[Data segment]

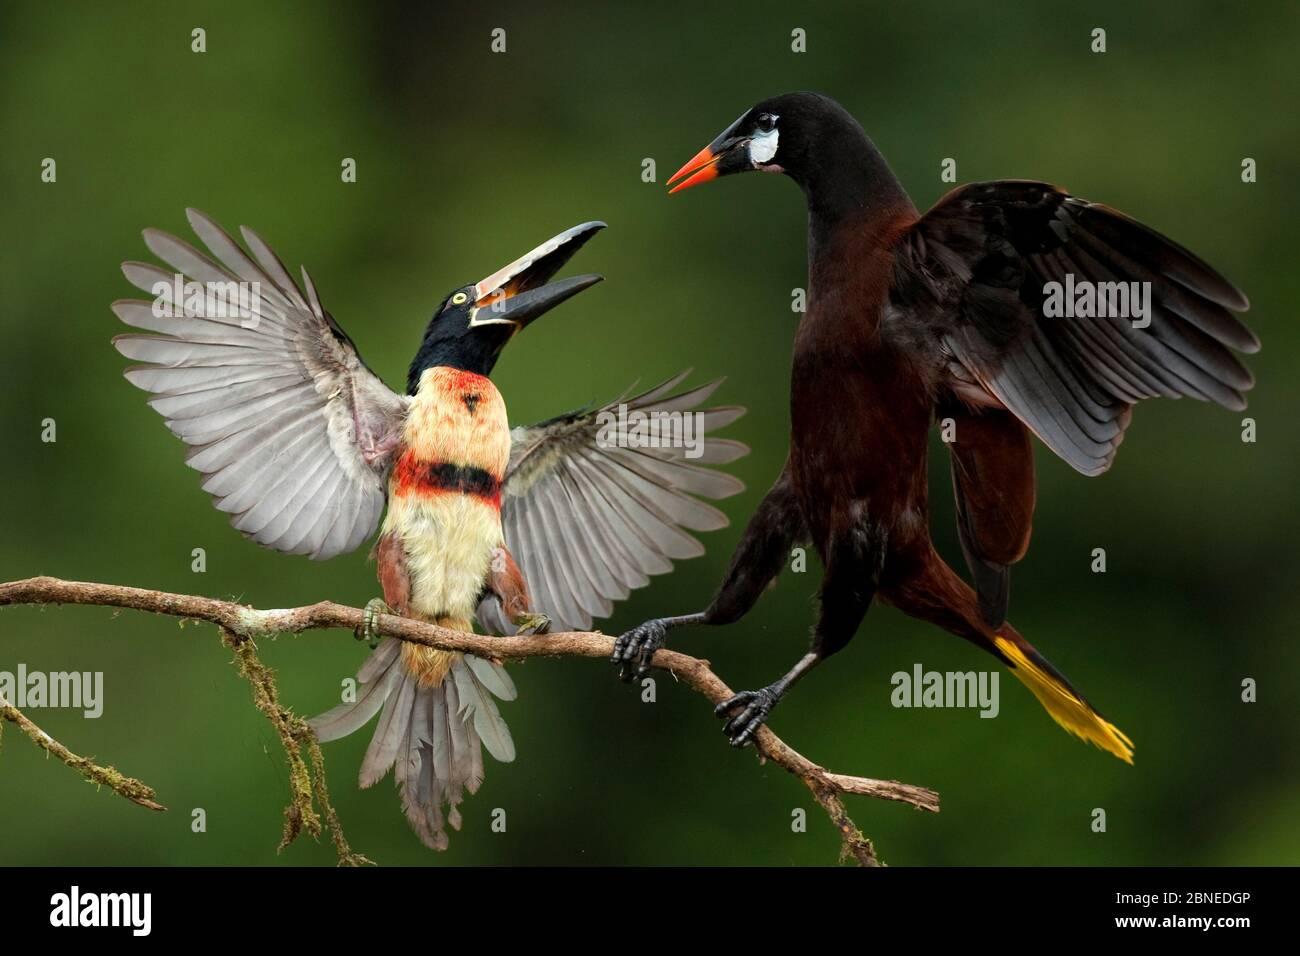 Collared aracari (Pteroglossus torquatus) squabbling with Montezuma oropendola (Psarocolius montezuma) Costa Rica. Stock Photo
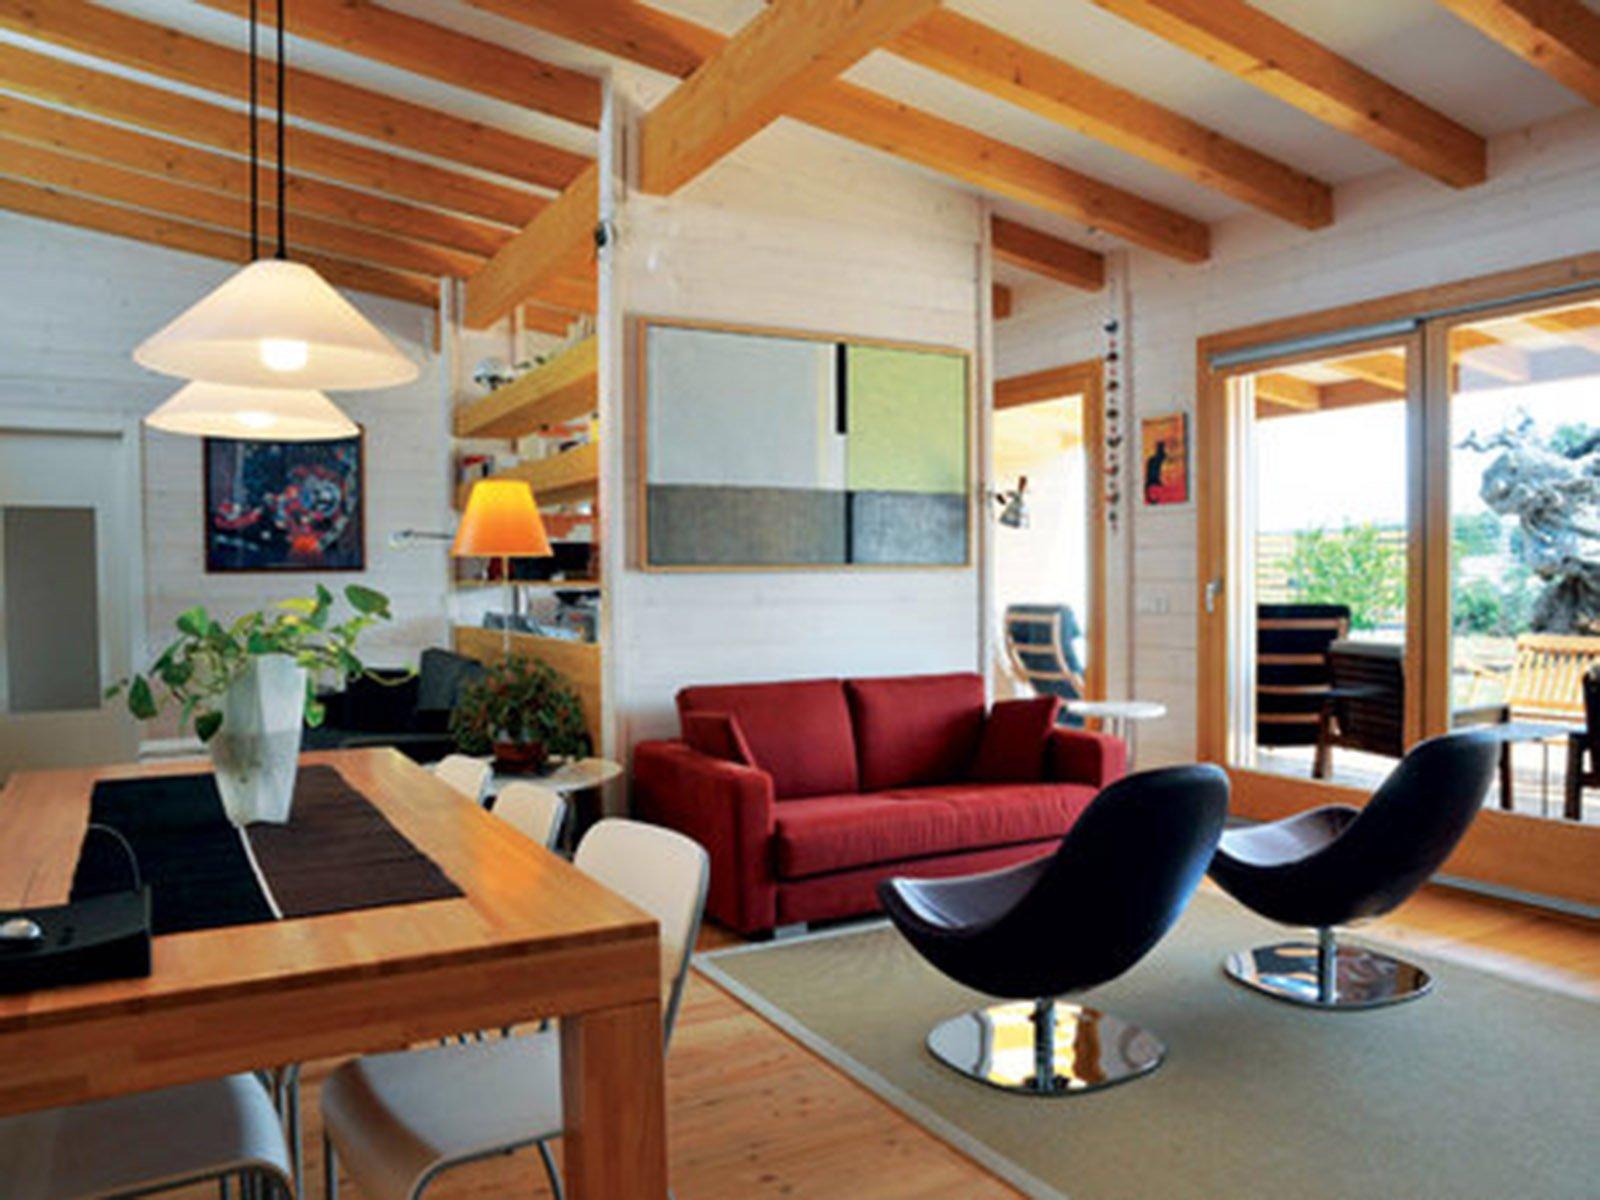 Bioarchitettura e case ecologiche prefabbricate in legno for Interni di case belle
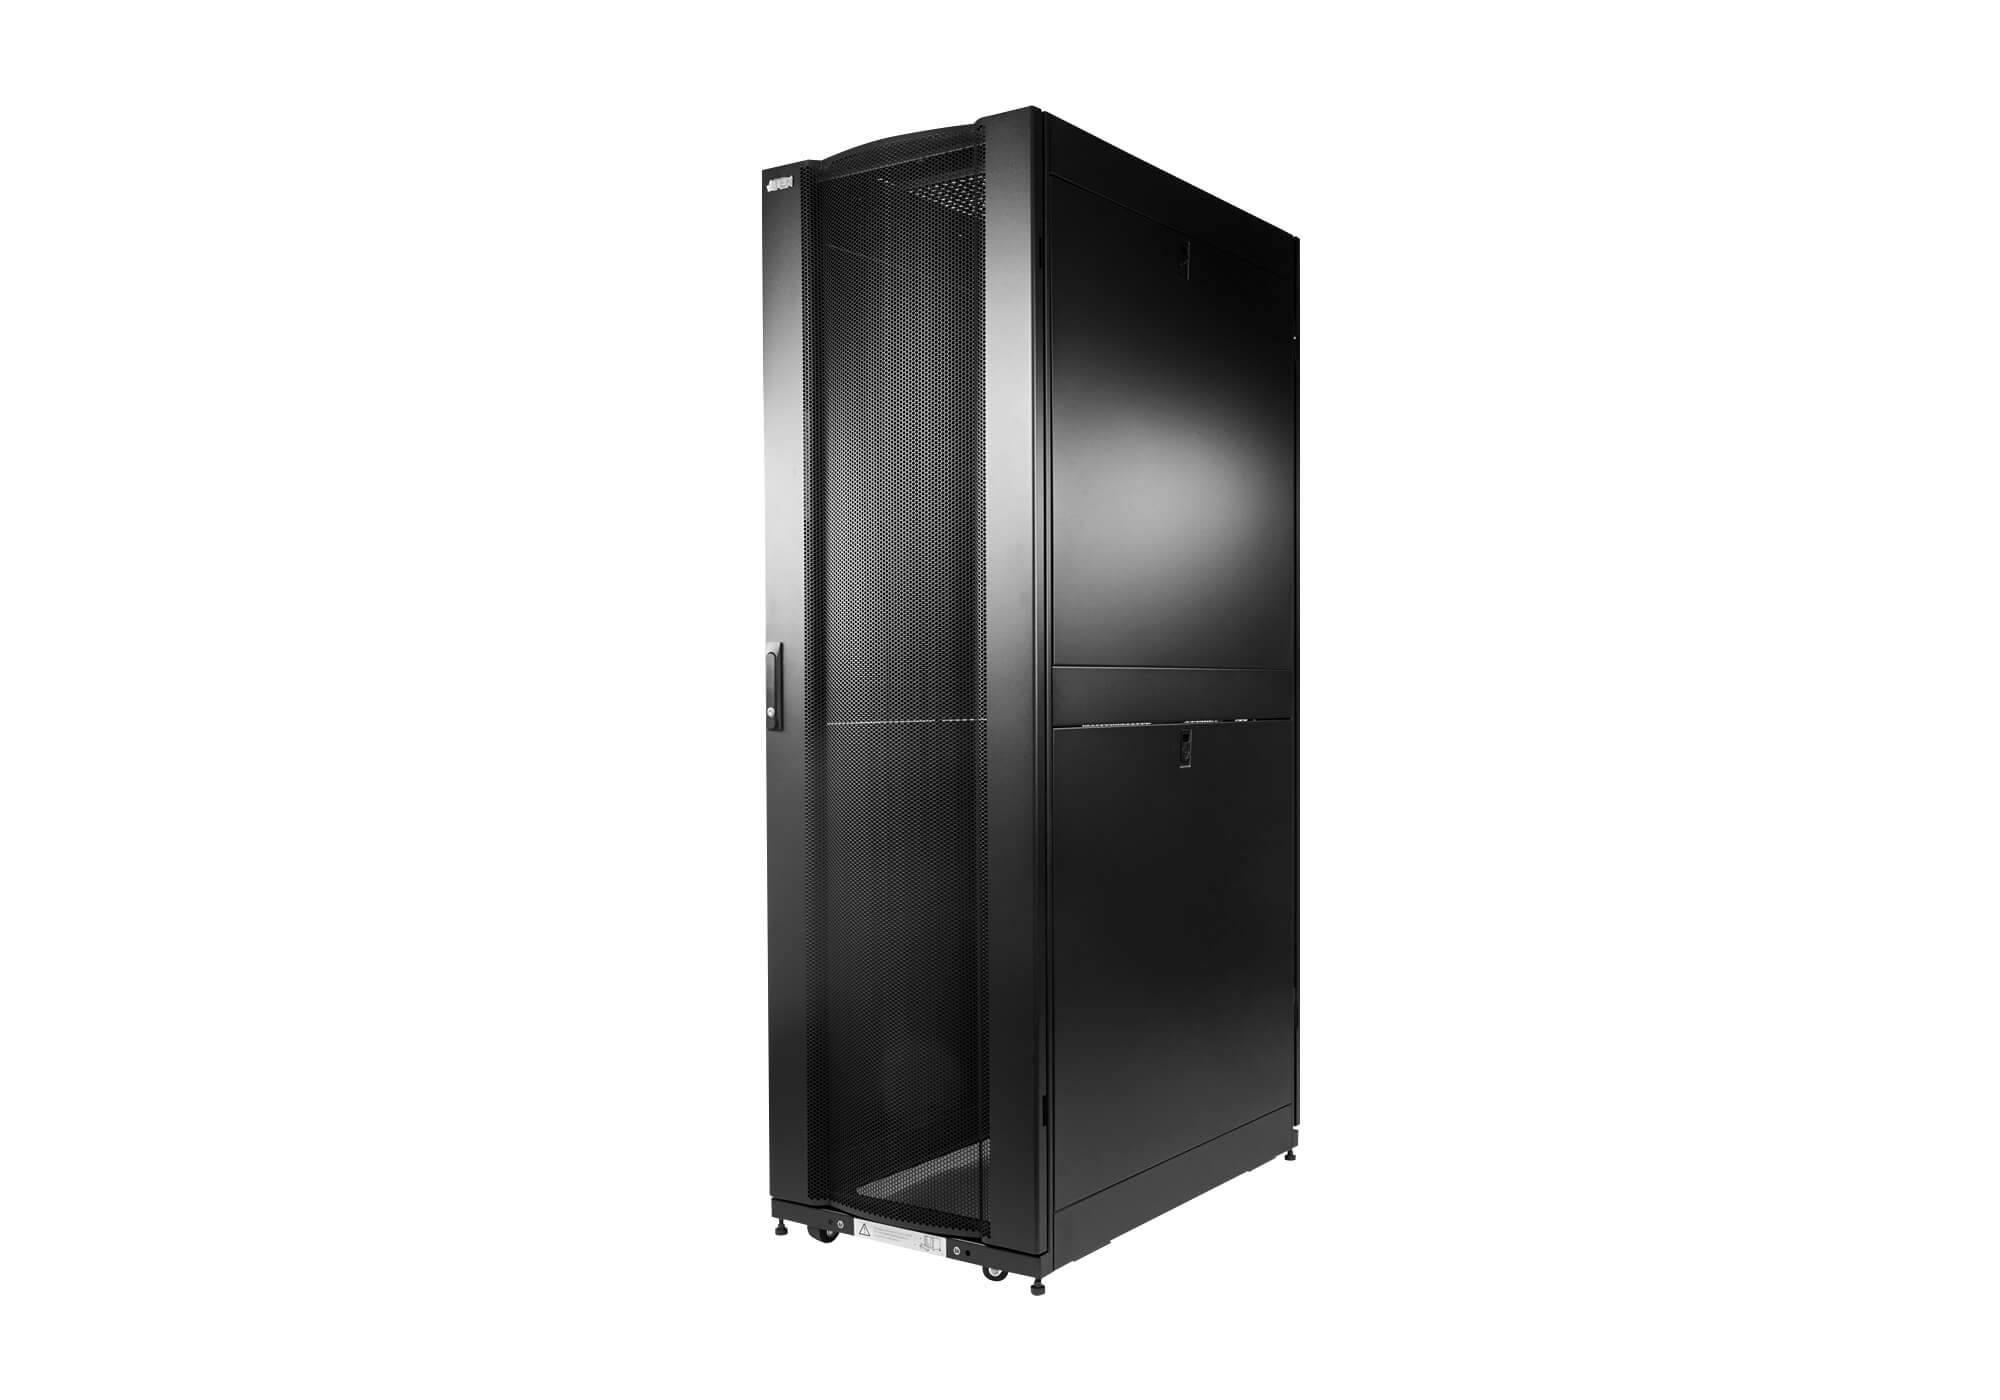 Расширение ассортимента Aten: Стойки серии RE и RS для высокоплотных серверных и сетевых применений

[/Data segment]

*Action item*:
Restate the material above word for word, so that nothing changes except that the pictures are gone.

*Solution for this problem*:
 Collared aracari (Pteroglossus torquatus) squabbling with Montezuma oropendola (Psarocolius montezuma) Costa Rica. Stock Photo
 Bioarchitettura e case ecologiche prefabbricate in legno for Interni di case belle
 Расширение ассортимента Aten: Стойки серии RE и RS для высокоплотных серверных и сетевых применений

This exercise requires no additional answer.